> [Instructions for the task]:
Dropping every picture, set down exactly the lines in the entries below, starting with the line with "Motorhead Vinyl Reissues" and going on through the line with "Shop Ami Alexandre".

> [Dataset records]:
▬▬▬▬▬▬

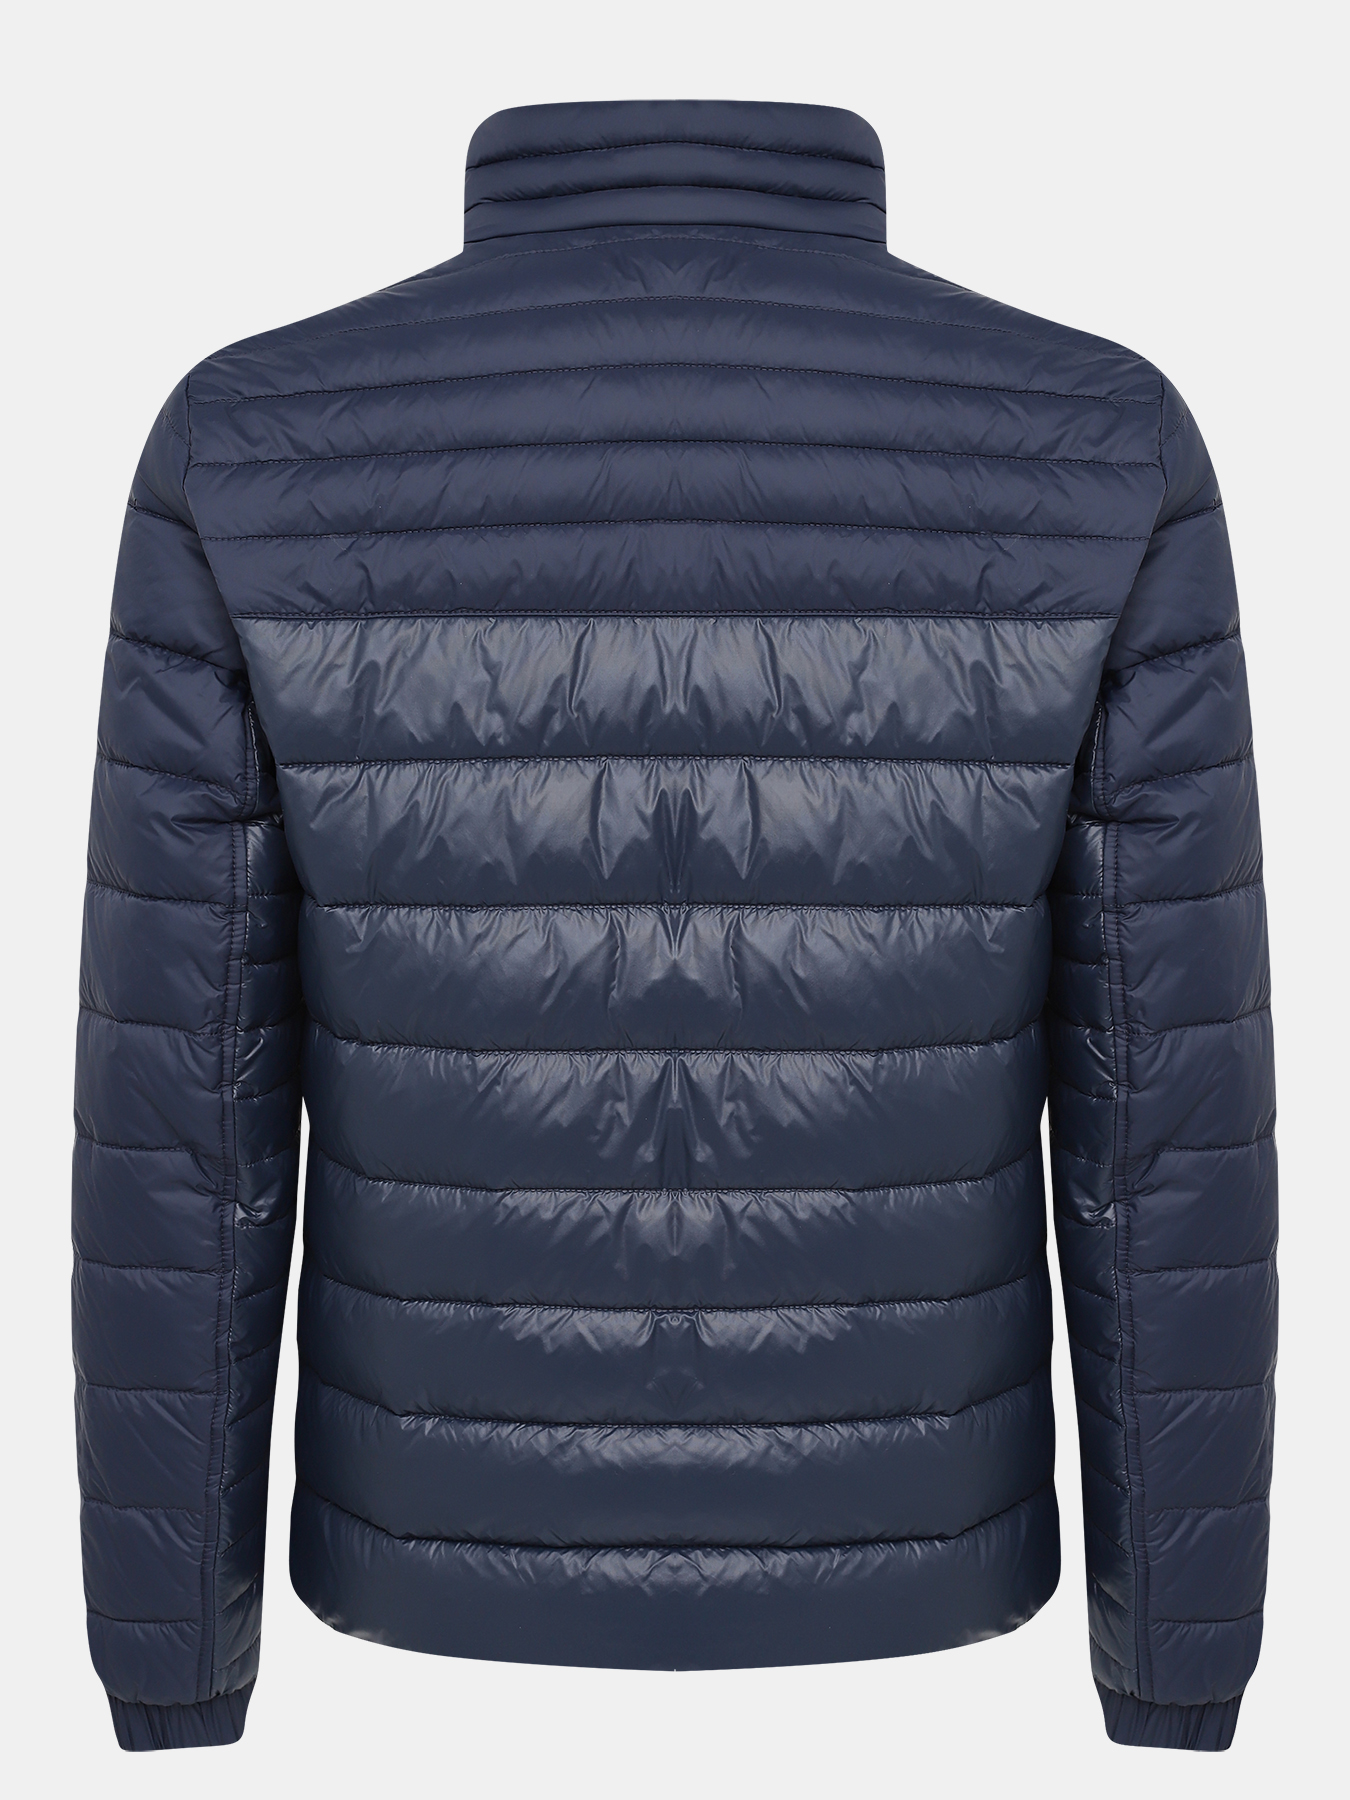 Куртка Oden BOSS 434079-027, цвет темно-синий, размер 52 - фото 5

▬▬▬▬▬▬

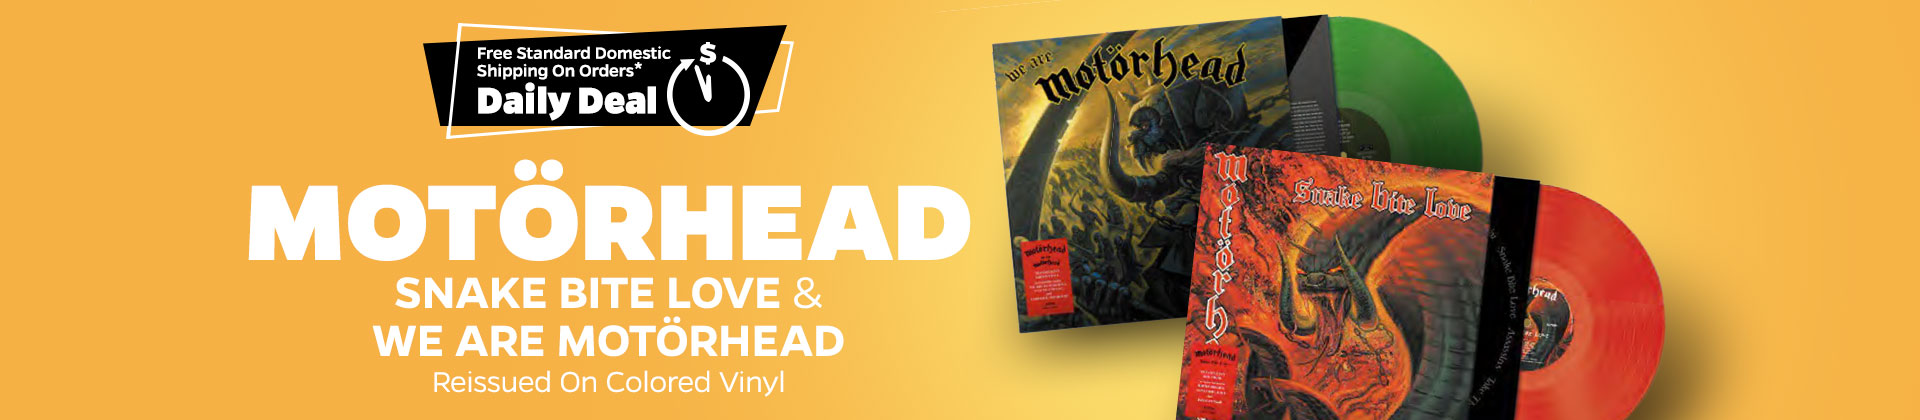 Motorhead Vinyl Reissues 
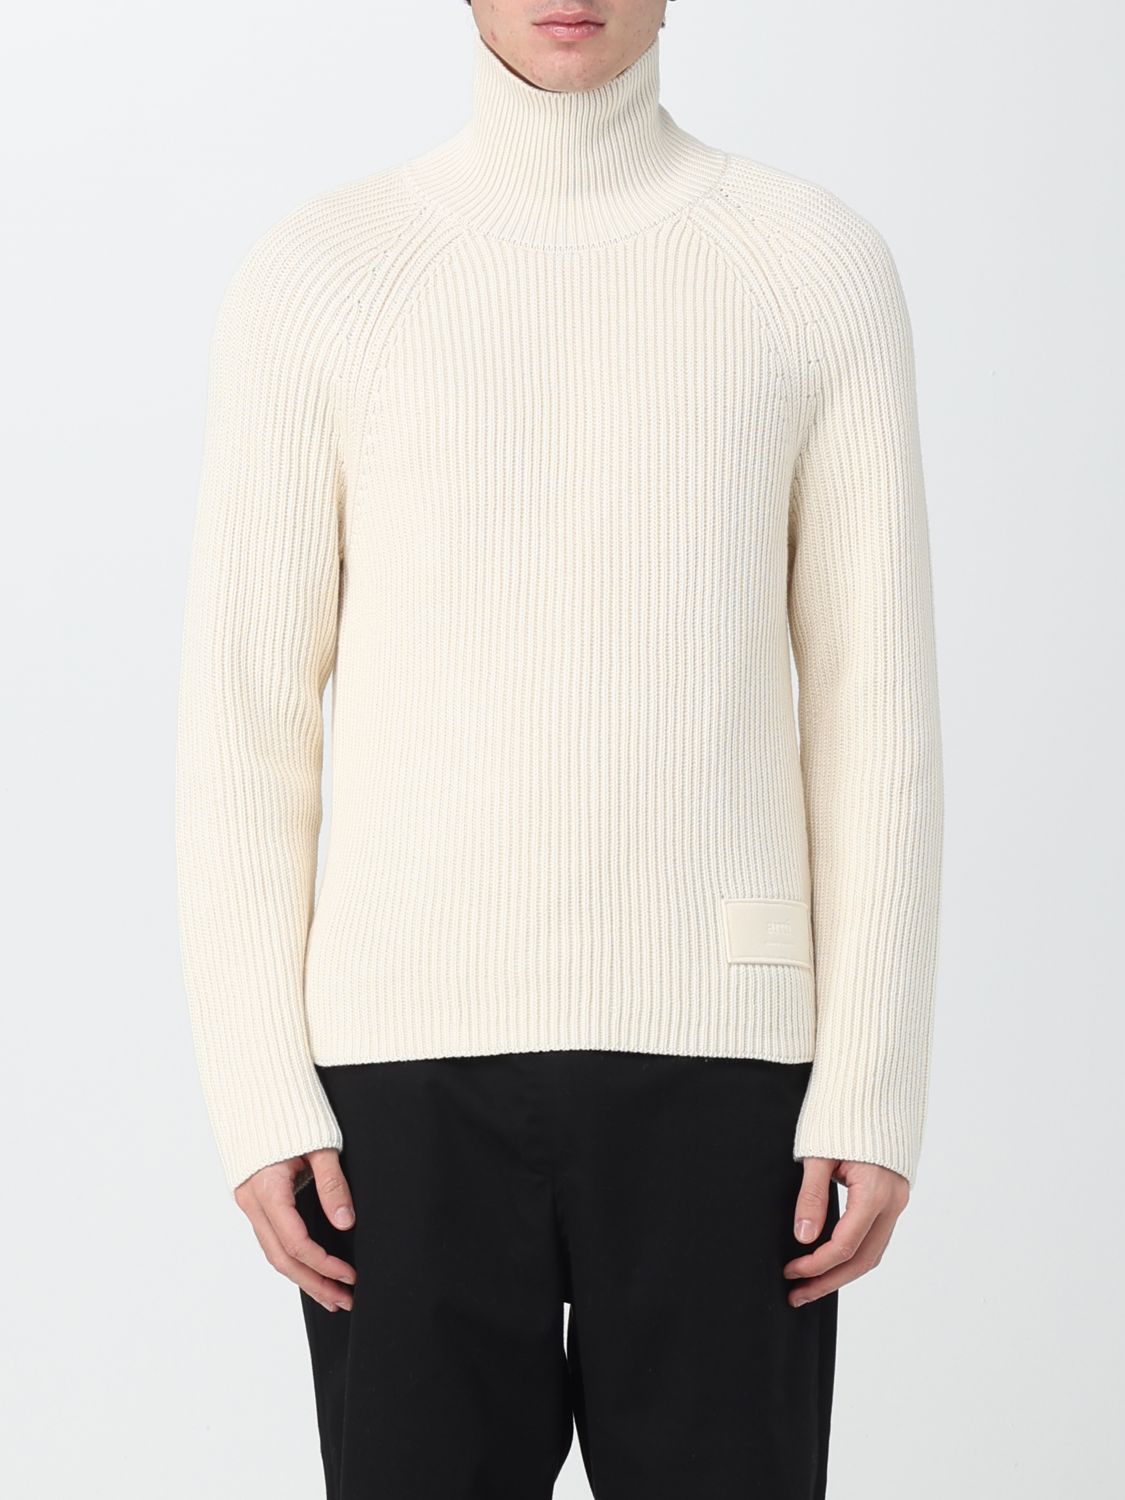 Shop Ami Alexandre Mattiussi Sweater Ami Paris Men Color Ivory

▬▬▬▬▬▬

> [Output of the exercise]:
 Motorhead Vinyl Reissues 
 Shop Ami Alexandre Mattiussi Sweater Ami Paris Men Color Ivory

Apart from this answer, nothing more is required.